MapReduce consists of 2 steps:

  • Map Function – It takes a set of data and converts it into another set of data, where individual elements are broken down into tuples (Key-Value pair).
  • Example – (Map function in Word Count)

    Input

    Set of data


     Bus, Car, bus,  car, train, car, bus, car, train, bus, TRAIN,BUS, buS, caR, CAR, car, BUS, TRAIN

    Output

    Convert into another set of data

    (Key,Value)

    (Bus,1), (Car,1), (bus,1), (car,1), (train,1),

    (car,1), (bus,1), (car,1), (train,1), (bus,1),

    (TRAIN,1),(BUS,1), (buS,1), (caR,1), (CAR,1),

    (car,1), (BUS,1), (TRAIN,1)

  • Reduce Function – Takes the output from Map as an input and combines those data tuples into a smaller set of tuples.
  • Example – (Reduce function in Word Count)

    Input

    (output of Map function)

    Set of Tuples


    (Bus,1), (Car,1), (bus,1), (car,1), (train,1),

    (car,1), (bus,1), (car,1), (train,1), (bus,1),

    (TRAIN,1),(BUS,1), (buS,1), (caR,1), (CAR,1),

    (car,1), (BUS,1), (TRAIN,1)

    Output

    Converts into smaller set of tuples

    (BUS,7),

    (CAR,7),

    (TRAIN,4)

    Work Flow of Program

    MR WorkFlow

    Workflow of MapReduce consists of 5 steps

    1. Splitting – The splitting parameter can be anything, e.g. splitting by space, comma, semicolon, or even by a new line (‘\n’).
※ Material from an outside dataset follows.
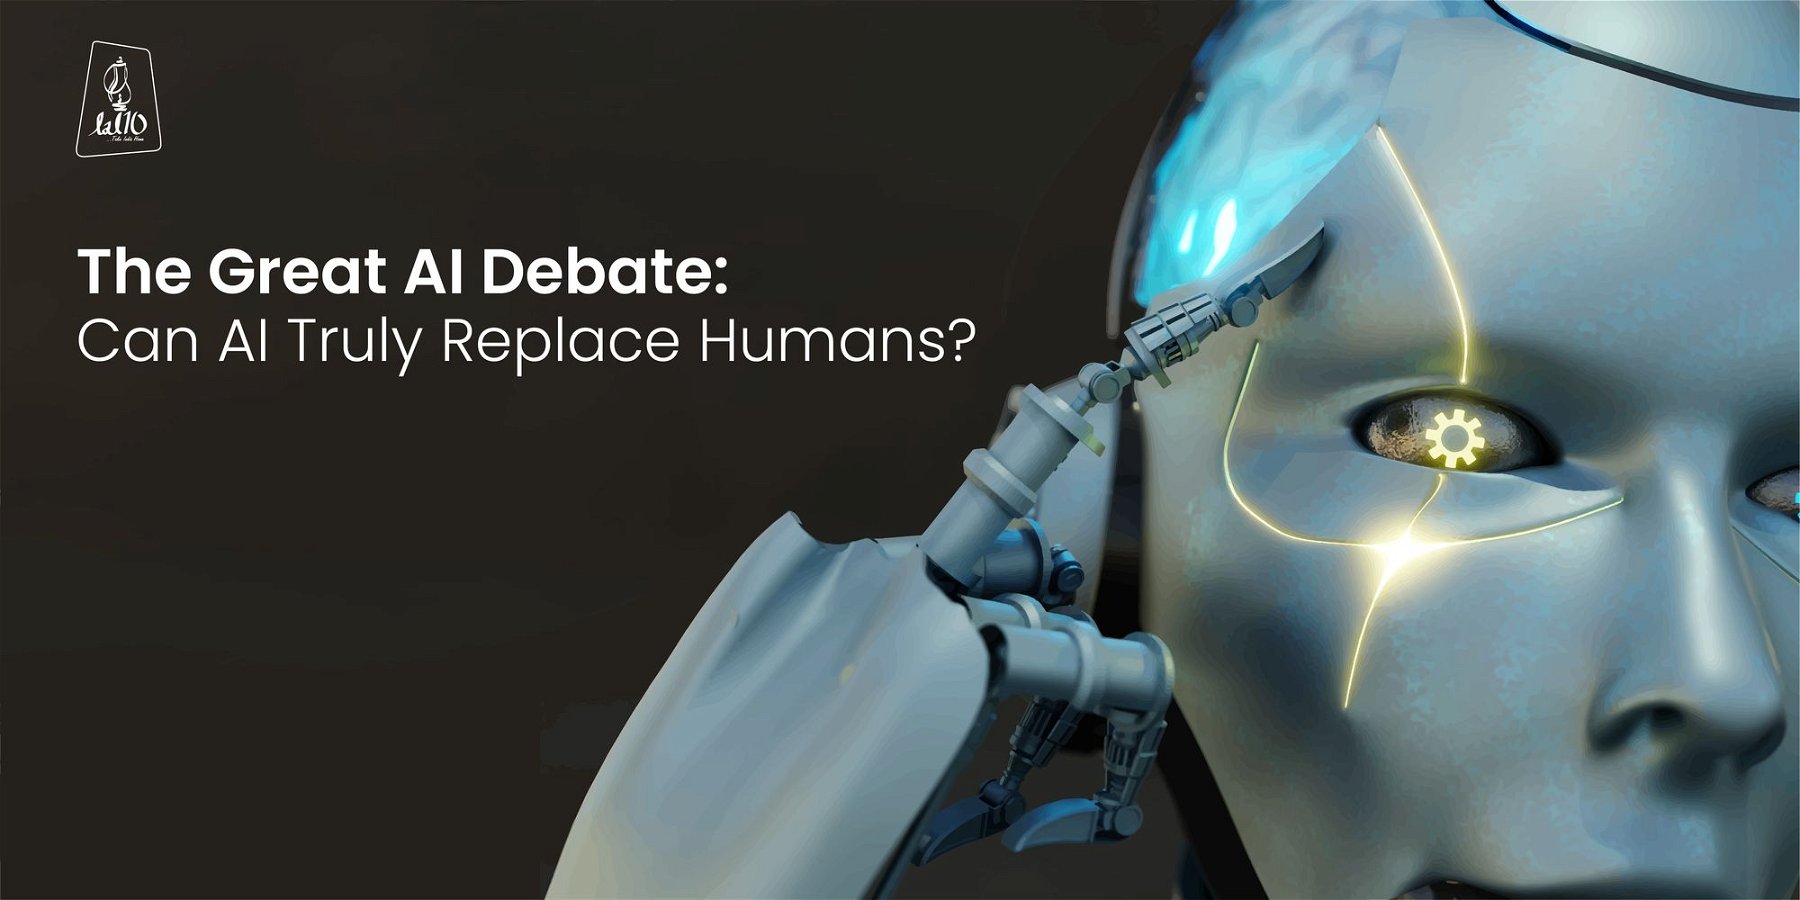 The great AI debate: Can AI truly replace humans?

    2. Mapping – as explained above

    3. Intermediate splitting – the entire process in parallel on different clusters. In order to group them in “Reduce Phase” the similar KEY data should be on same cluster.

    4. Reduce – it is nothing but mostly group by phase

    5. Combining – The last phase where all the data (individual result set from each cluster) is combine together to form a Result

    Now Let’s See the Word Count Program in Java

    Fortunately we don’t have to write all of the above steps, we only need to write the splitting parameter, Map function logic, and Reduce function logic. The rest of the remaining steps will execute automatically.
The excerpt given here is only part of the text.